Victoria Osteen's lawyer, Rusty Hardin, said before jury selection began Wednesday that Brown's claims are false and that what happened was a "minor incident." Hardin also asked a judge to throw out a federal report detailing the alleged incident.

Joel Osteen was at his wife's side Wednesday in court. Brown's attorney, Reginald McKamie, said he expected to call the Osteens as witnesses during the trial.

McKamie, said he hopes the trial will show "that celebrity status doesn't take precedence."

But many of the people in the 130 member jury pool said they had been to Lakewood Church, read Joel Osteen's books and held the Osteens in high regard.

"He has gotten me through a lot of tough times. I would believe what he has to say. I have a lot of respect for him," one female juror said.

A male juror said, "I would have the tendency to believe they were telling the truth a little bit more."

The religious beliefs of some jurors came out during the selection process.

"As a Christian, I wouldn't feel it would be my place to judge them," another prospective female juror said.

The Federal Aviation Administration fined Victoria Osteen $3,000 for interfering with a crew member. The FAA report states Victoria Osteen asked another attendant to clean a liquid on her first-class seat armrest. When that attendant said she would get another flight attendant, Osteen grabbed a second flight attendant and took her to the seat, the report said.

The second attendant said she would call cleaning personnel and headed to the cockpit, the FAA said. Victoria Osteen followed her and came across Brown, whom she pushed and elbowed in an attempt to get to the cockpit, according to the report.

Brown's suit claims the flight attendants asked to have Victoria Osteen removed from the plane. Hardin says Victoria Osteen and her family left voluntarily.

During a court hearing Wednesday before jury selection began, Hardin asked that the FAA report's findings not be allowed to be heard during the trial.

"The FAA does in all due respect an incredibly incomplete investigation," Hardin said.

McKamie said the FAA did an appropriate investigation.

State District Judge Patricia Hancock said she would make a decision later on whether the report would be allowed .

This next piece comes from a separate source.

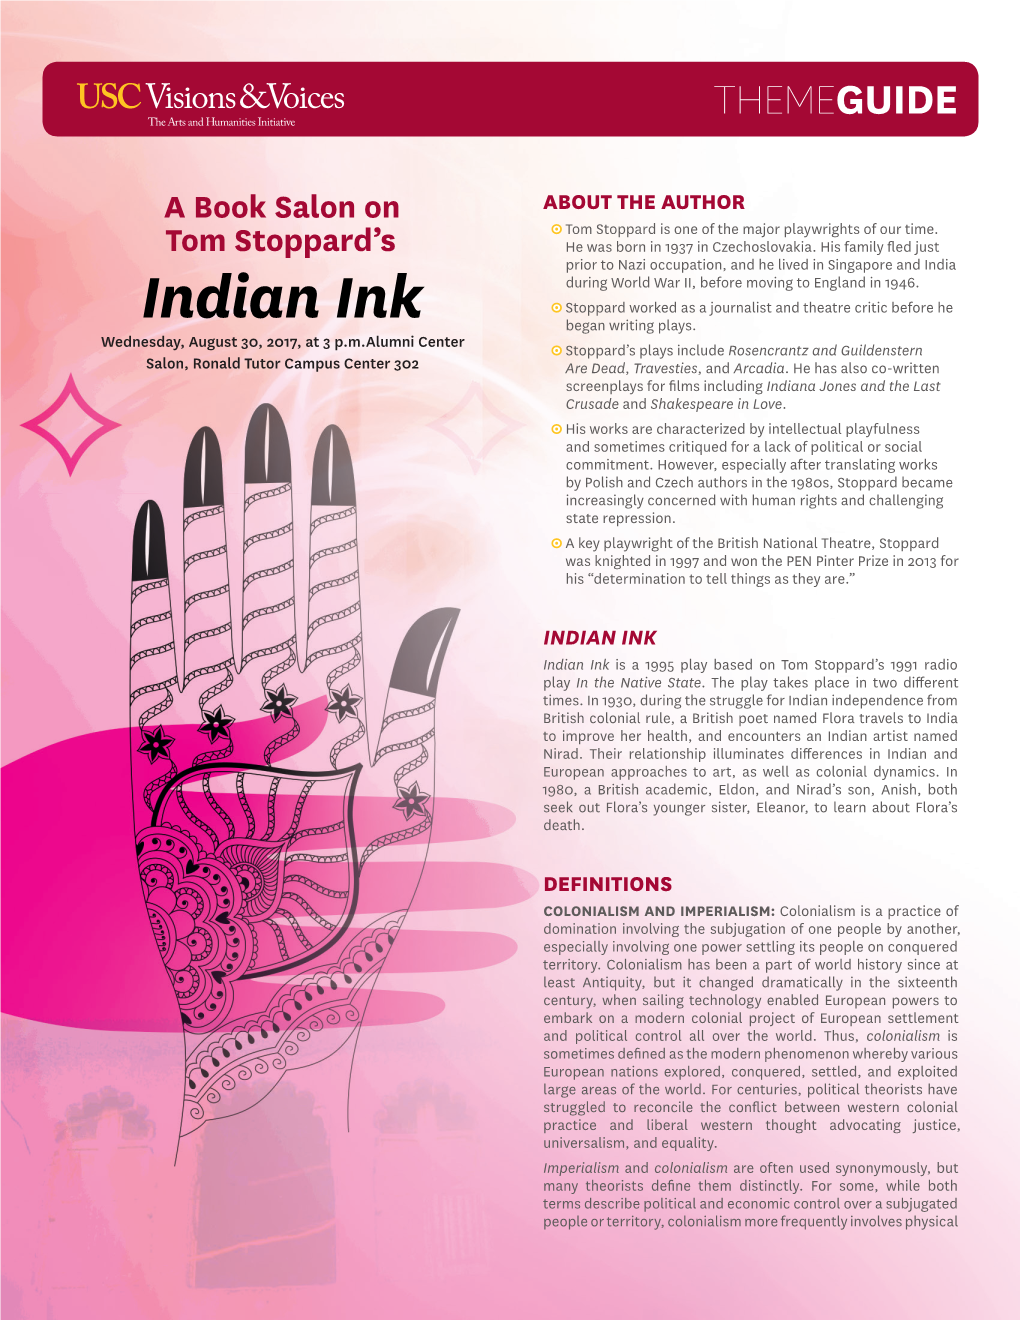 Indian Ink Began Writing Plays

According to court documents, Brown claims that she suffers from anxiety and hemorrhoids because of the incident and said her faith was affected. She is also suing Osteen for medical expenses for counseling.

"We just want the jury to hear the evidence and make a decision," McKamie told reporters.

Joel Osteen preaches at Lakewood, a megachurch where about 42,000 people flock each week. Services are held at a 16,000 seat facility that was formerly the Houston Rockets' basketball arena. His weekly television address is broadcast nationally and internationally.